Wednesday, January 9, 2013

Day 38 - Max Cardio Conditioning

As I expected, this was the month 2 equivalent of Pure Cardio from Month 1 and the structure is similar.  Max Cardio Conditioning is longer and the moves are harder, as you would expect.

Things start out with the same warm up as Max Interval Circuit and Max Interval Plyo but when it comes time for the balls out third set, Shaun T. has us do a throw back to the month 1 warm up, which was welcome since I feel those routines did a better job of warming me up than the month two ones.
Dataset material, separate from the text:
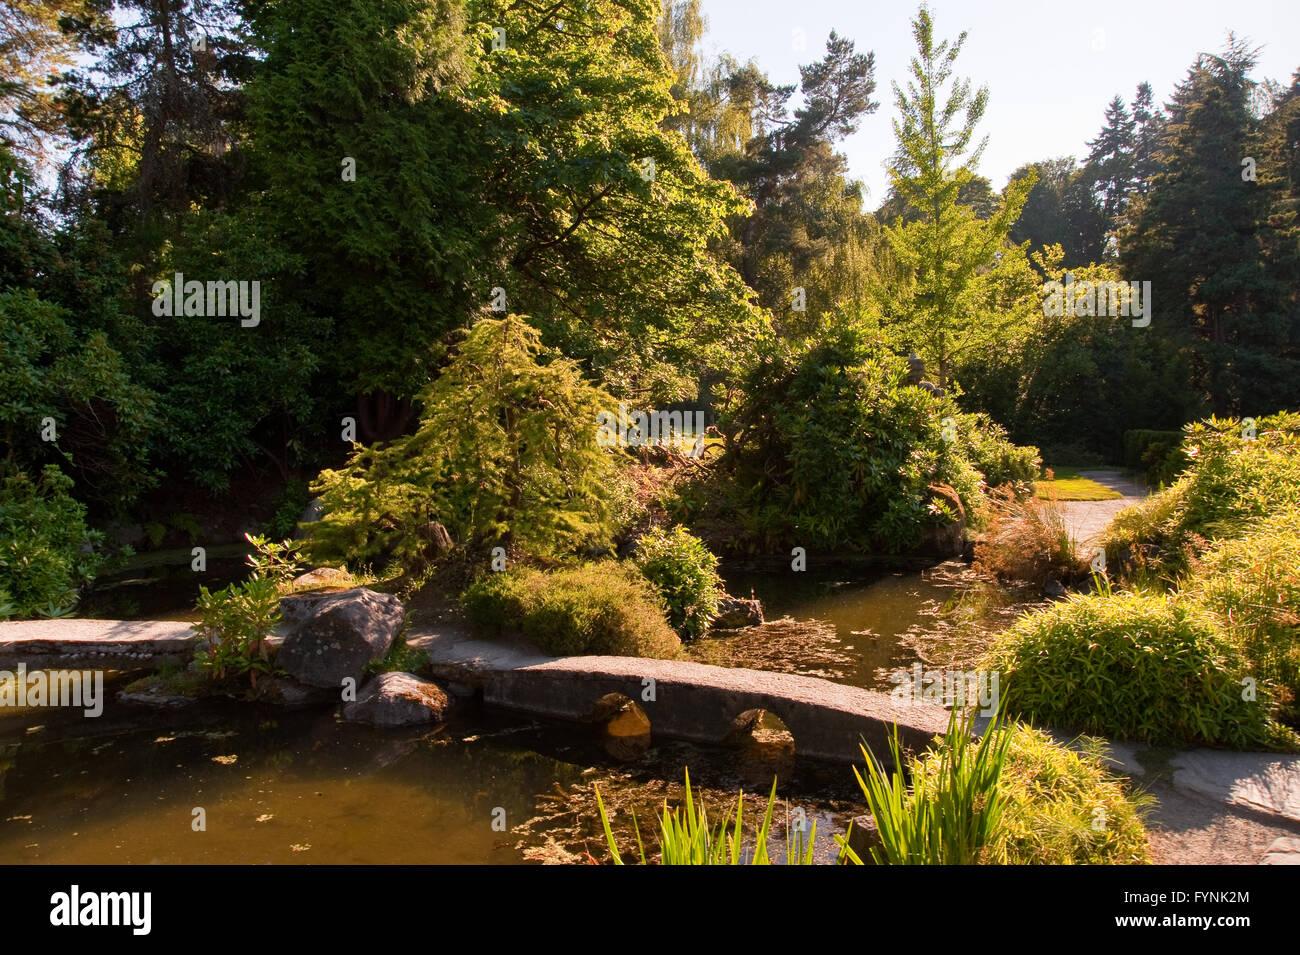 Kubota Garden in Seattle WA Stock Photo: 103123516 - Alamy

That could be because I am still a weakling and the new warm ups are more difficult.  The main workout starts after the stretching, and like Pure Cardio, they are continuous with no water breaks between.  Here are the moves:
  1. High/Low Jab Squats
  2. Football Runs
  3. Basketball Shots with Squats
  4. Right and Left Kicks
  5. Diamond Jumps
  6. In-Out Push Up Jacks
  7. Suicide Jumps
  8. High Knee/Low Sprints/Floor Sprints
  9. Ski Abs
  10. Kick Step Back
  11. Squat Twists
  12. Over the River Hop
  13. Attack
  14. Power Knees
  15. Ski Down Hooks
  16. Belt Kicks
  17. Forward/Back Suicides
  18. Push Up Abs
  19. Plank Punches
  20. 8 Jump Ropes/Hop Squats
  21. Squat Speed Bag
Sorry, I'm not going to describe the moves.  I'm too tired and hungry.  Maybe I'll add links to some later (don't count on it).  A lot of them are moves we already know, or combinations of two or more moves we are familiar with.  Unlike Pure Cardio, not all of the moves were at full intensity and Shaun T. stressed that control is more important than speed.  I can't remember which those were, though.  I think 10 through 15 were kind of a mid-workout recovery but my heart rate stayed pretty high throughout those.  I think my heart rate actually hit a low point during Push Up Abs and Plank Punches because my arms were dead and I really wasn't doing much during those.  All in all I'm fine with how I did today.  I'm looking forward to getting stronger so I can take less breaks and get even more out of it but I swear at one point during the DVD there are only two people actually doing the moves while everyone else is taking a break.  That makes me feel better.  I have now been through all the main exercises of month two.  They are more difficult and longer but I'm not discouraged.  I remember how shell shocked I was during the very first week, but I got stronger every day and I am confident that will happen during the second month as well.

Tomorrow is Max Recovery and my Max Day Off From Work!  I'm hoping I enjoy Max Recovery more than the recovery from the first month.